Hi John

We try to route infiniband traffic. The IP traffic is routed separately.
The two clusters we try to connect are configured differently, one with IP over IB the other one with dedicated ethernet adapters.

Jan Erik



On 02/27/2018 10:17 AM, John Hearns wrote:
Jan Erik,
    Can you clarify if you are routing IP traffic between the two Infiniband 
networks.
Or are you routing Infiniband traffic?


If I can be of help I manage an Infiniband network which connects to other IP 
networks using Mellanox VPI gateways, which proxy arp between IB and Ethernet. 
But I am not running GPFS traffic over these.



-----Original Message-----
From: gpfsug-discuss-boun...@spectrumscale.org 
[mailto:gpfsug-discuss-boun...@spectrumscale.org] On Behalf Of Sundermann, Jan 
Erik (SCC)
Sent: Monday, February 26, 2018 5:39 PM
To: gpfsug-discuss@spectrumscale.org
Subject: [gpfsug-discuss] Problems with remote mount via routed IB


Dear all

we are currently trying to remote mount a file system in a routed Infiniband 
test setup and face problems with dropped RDMA connections.

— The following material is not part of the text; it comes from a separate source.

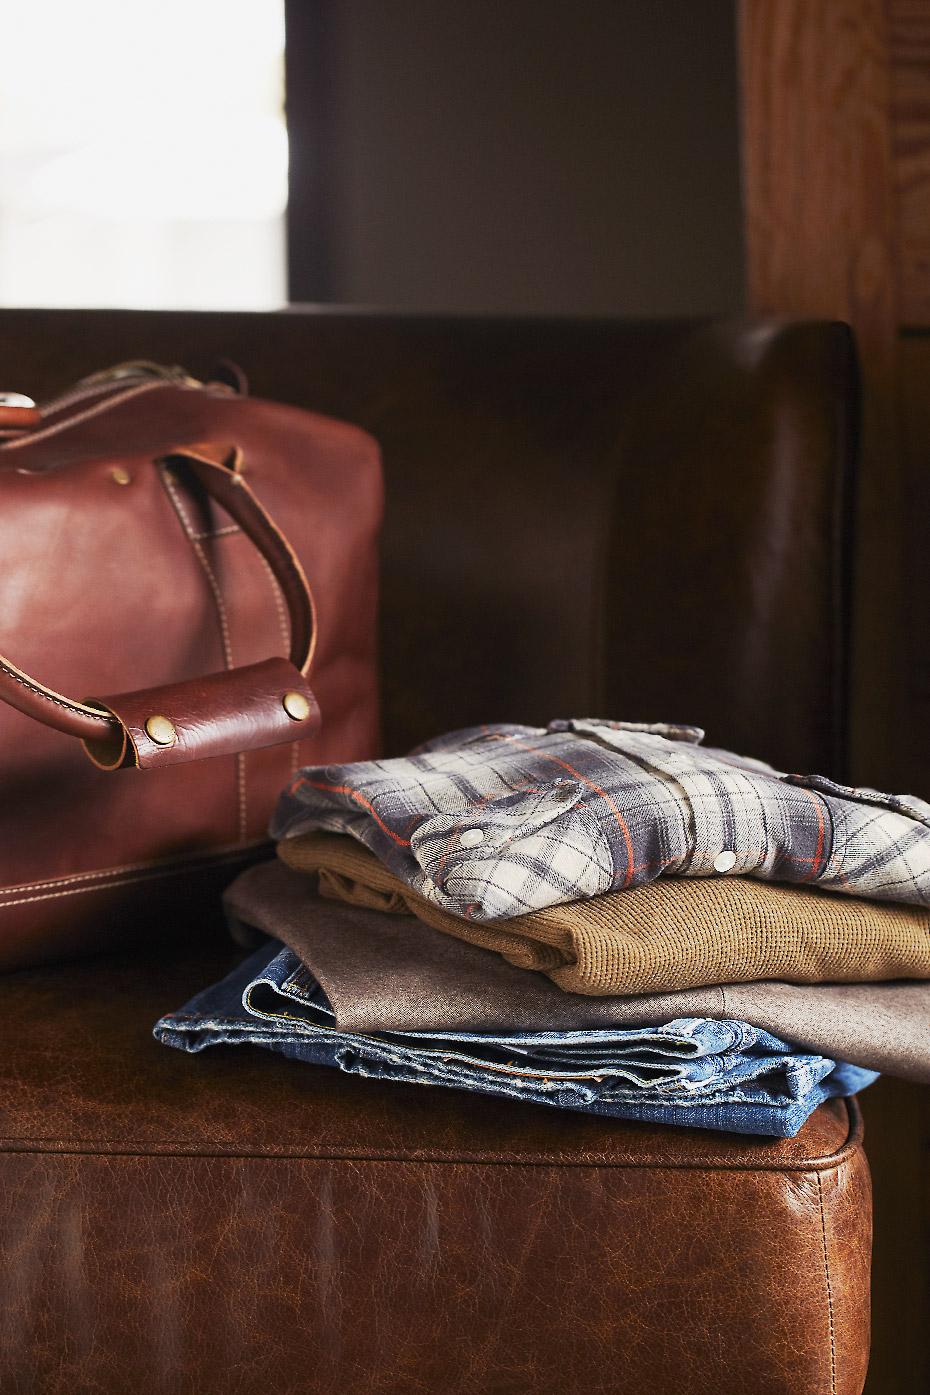 Stacey Van Berkel Photography I Gentlemen's Travel bag with clothing I Bernhardt Furniture
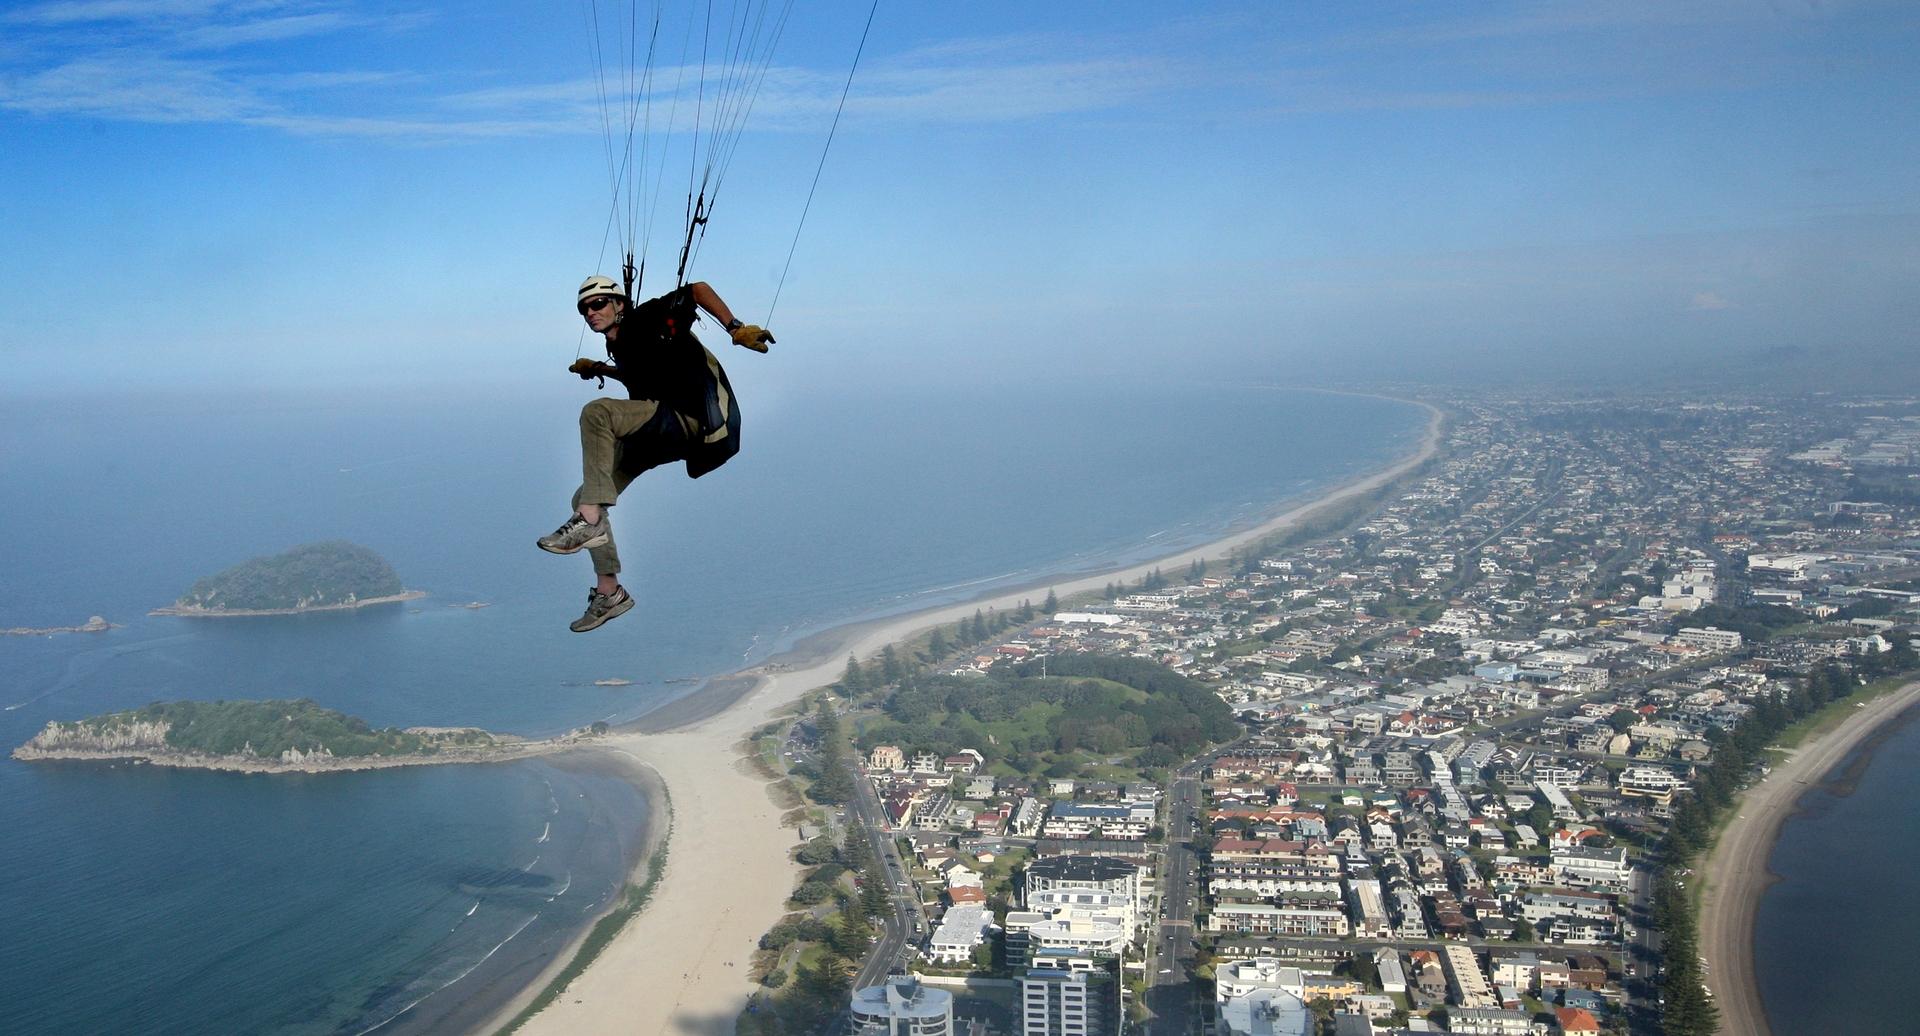 Paraglider pilot still defiant - NZ Herald

The setup is the 
following:

- Spectrum Scale Cluster 1 is setup on four servers which are connected to the 
same infiniband network. Additionally they are connected to a fast ethernet 
providing ip communication in the network 192.168.11.0/24.

- Spectrum Scale Cluster 2 is setup on four additional servers which are 
connected to a second infiniband network. These servers have IPs on their IB 
interfaces in the network 192.168.12.0/24.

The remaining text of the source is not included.